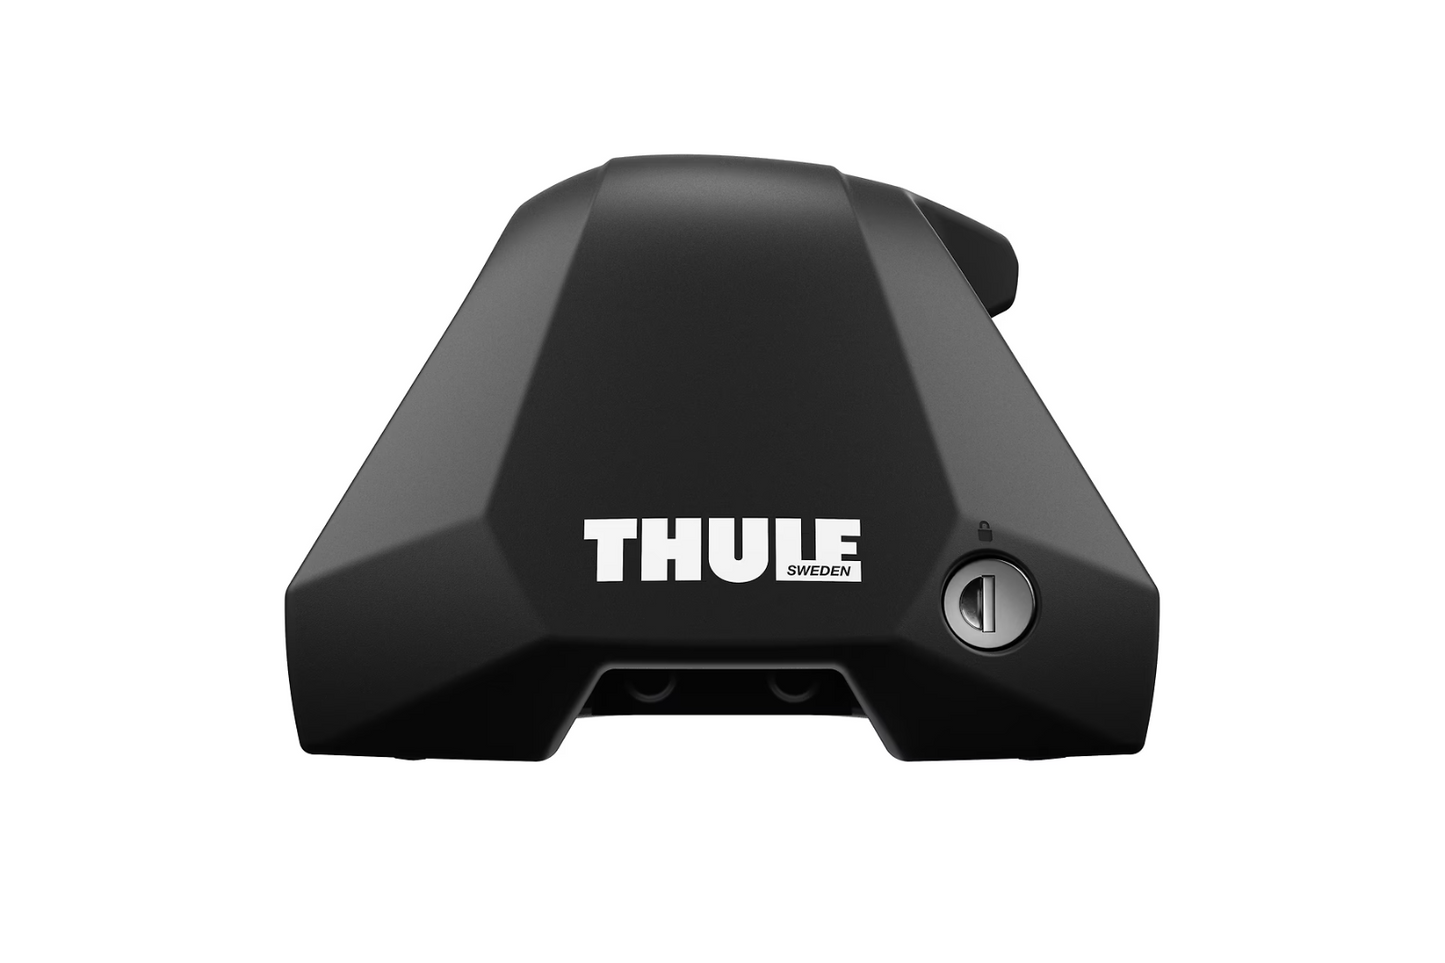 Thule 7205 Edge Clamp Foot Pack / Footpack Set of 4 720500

==

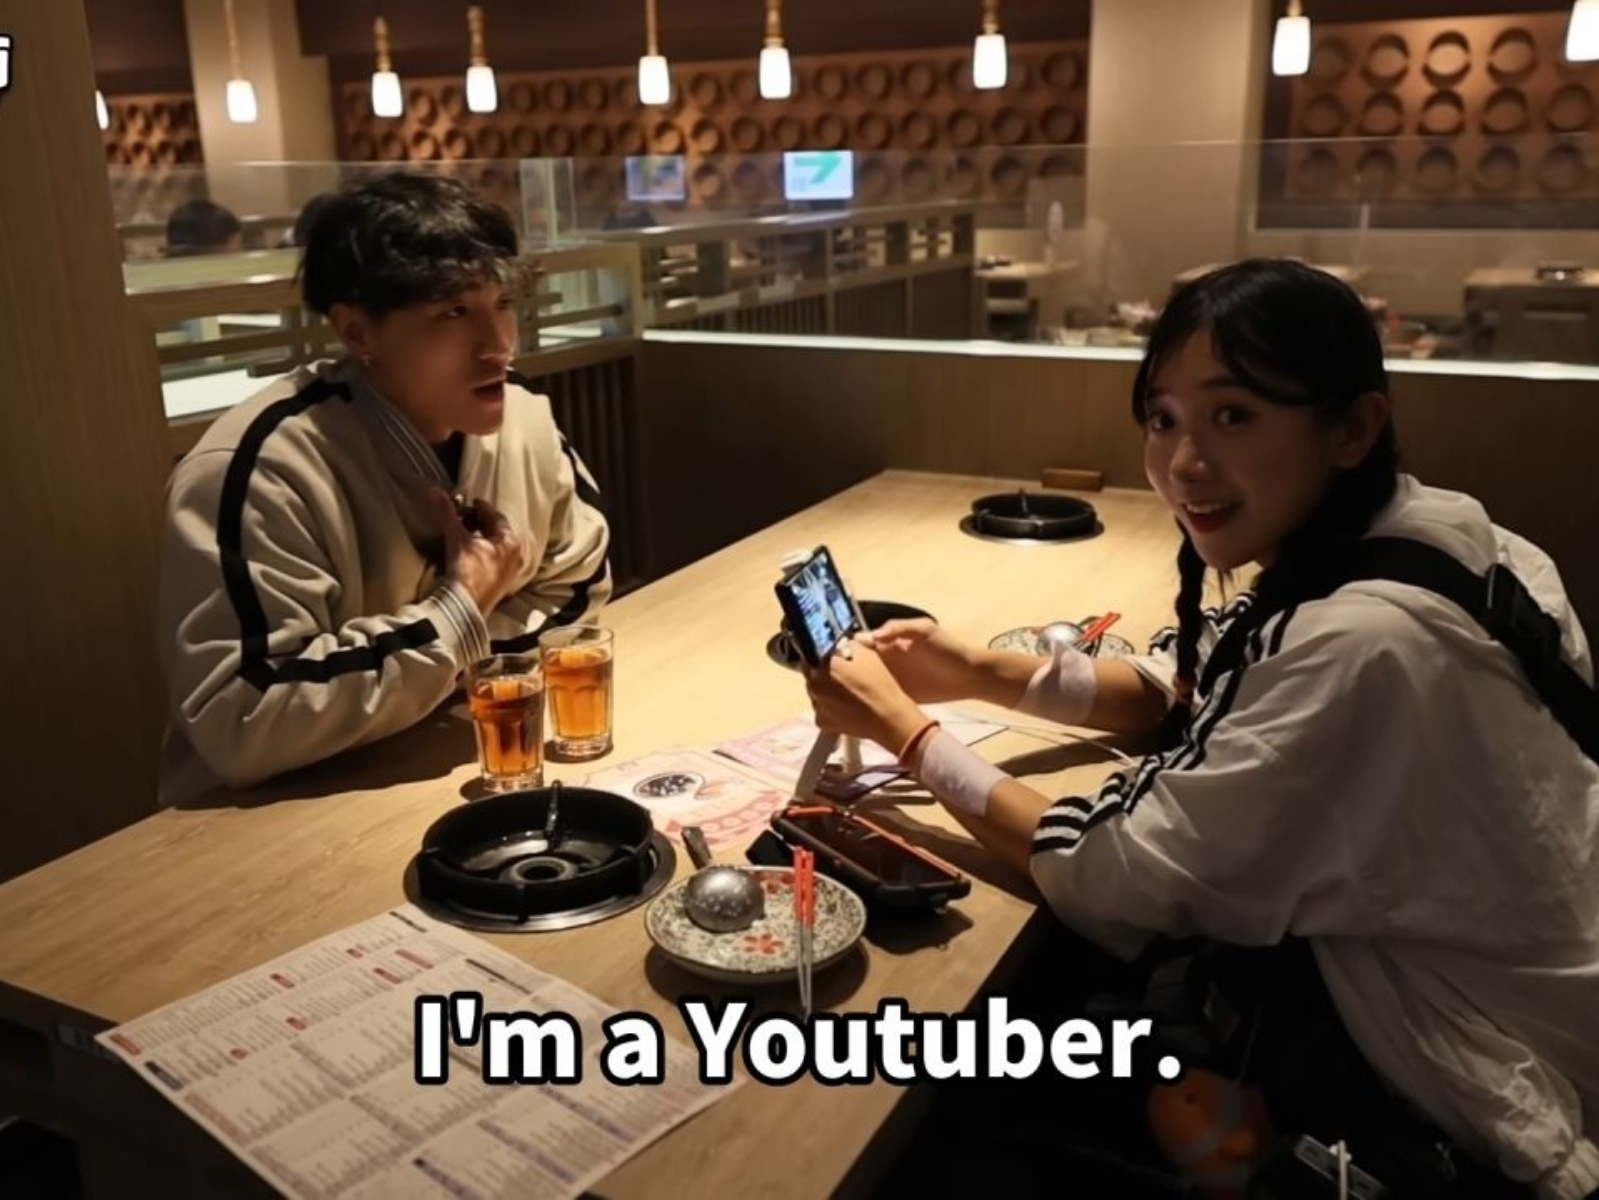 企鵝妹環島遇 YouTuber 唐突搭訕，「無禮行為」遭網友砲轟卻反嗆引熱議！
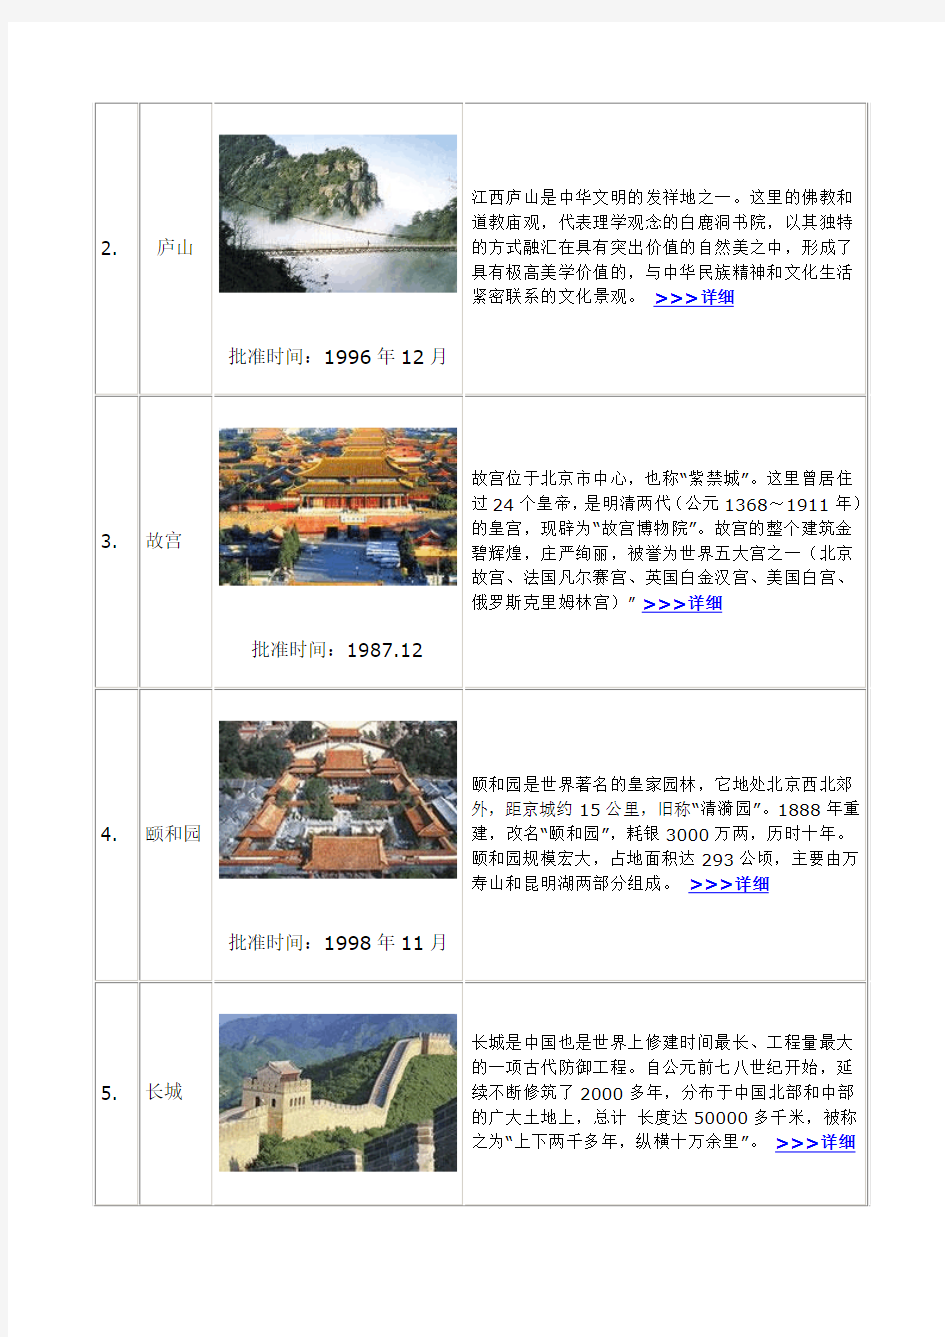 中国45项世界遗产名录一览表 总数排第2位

--

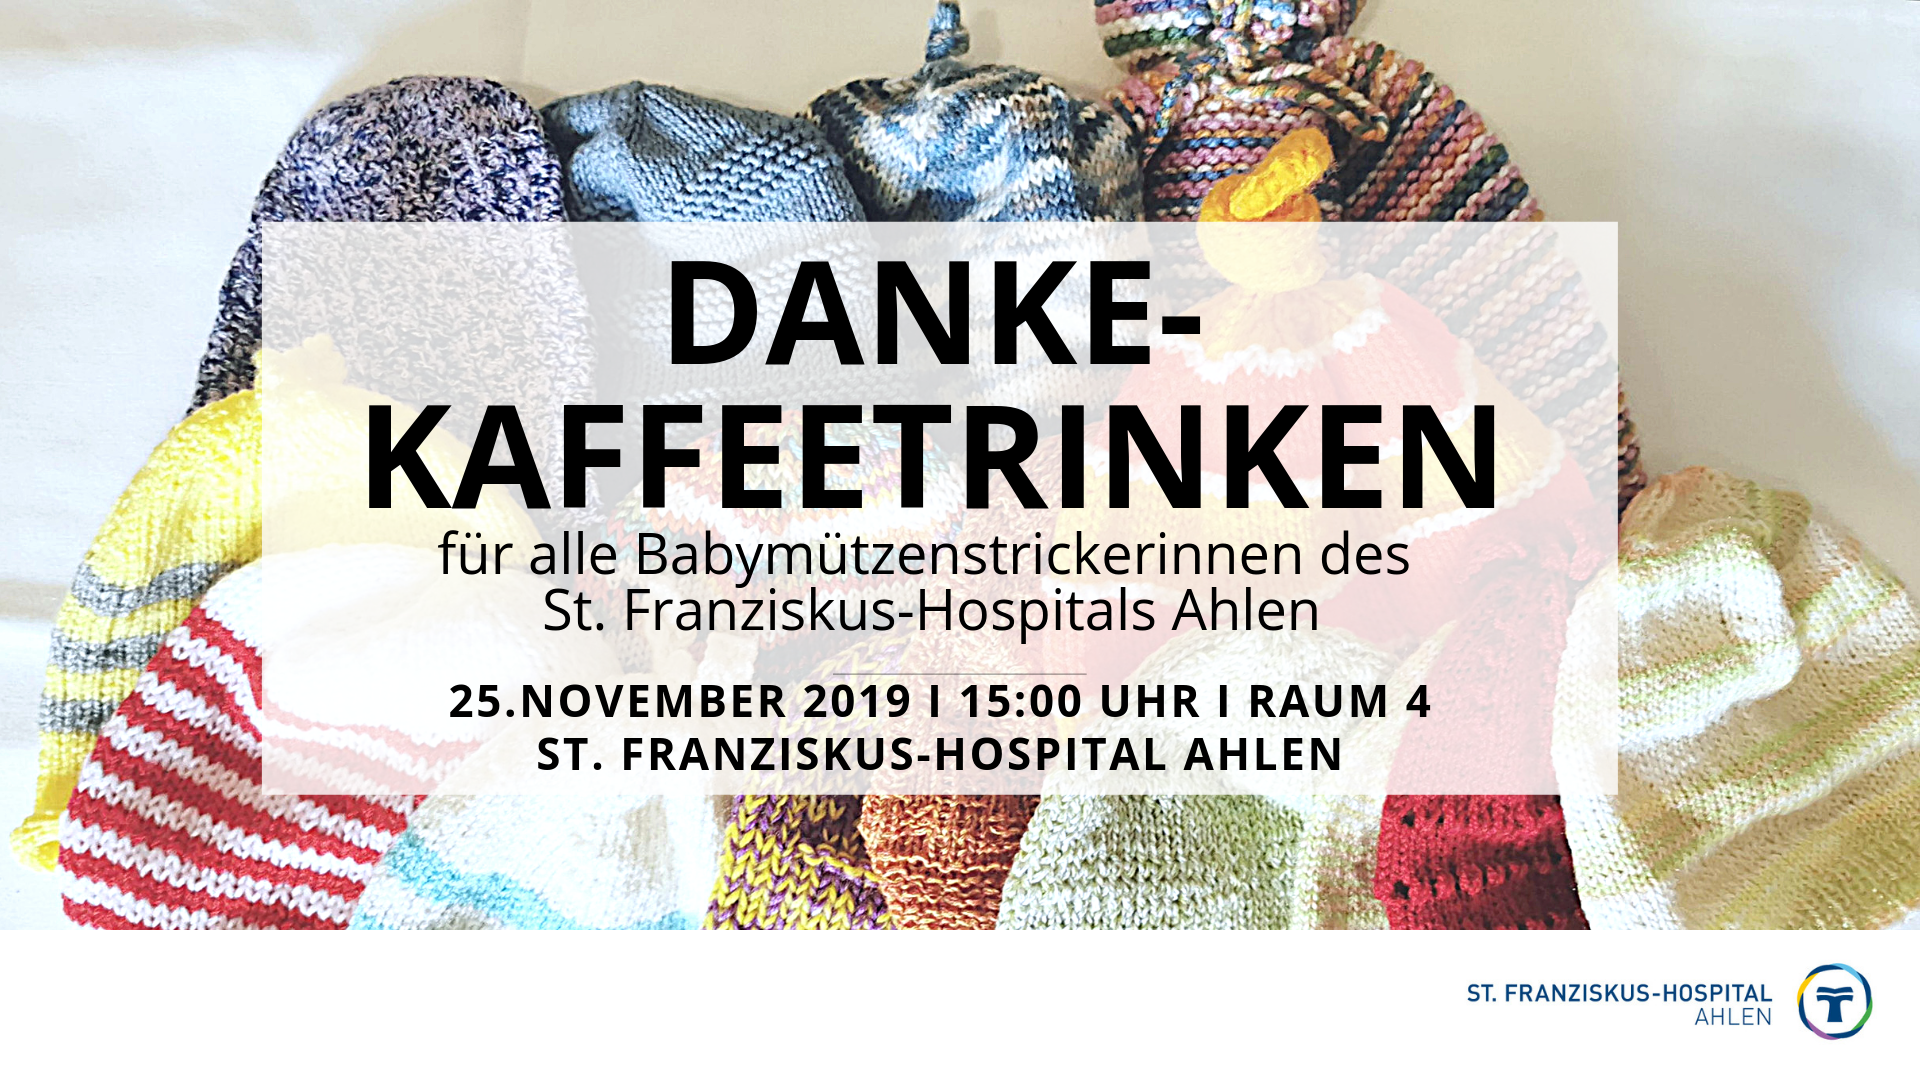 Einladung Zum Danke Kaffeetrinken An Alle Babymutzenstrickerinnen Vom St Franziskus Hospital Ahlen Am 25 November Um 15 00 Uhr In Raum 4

Task prompt:
What you return must match, character for character, the lines above from the one with "企鵝妹環島遇 YouTuber 唐突搭訕，「無禮行為」遭網友砲轟卻反嗆引熱議！" through the one with "中国45项世界遗产名录一览表 总数排第2位", minus any pictures.

Answer to this task:
 企鵝妹環島遇 YouTuber 唐突搭訕，「無禮行為」遭網友砲轟卻反嗆引熱議！
 中国45项世界遗产名录一览表 总数排第2位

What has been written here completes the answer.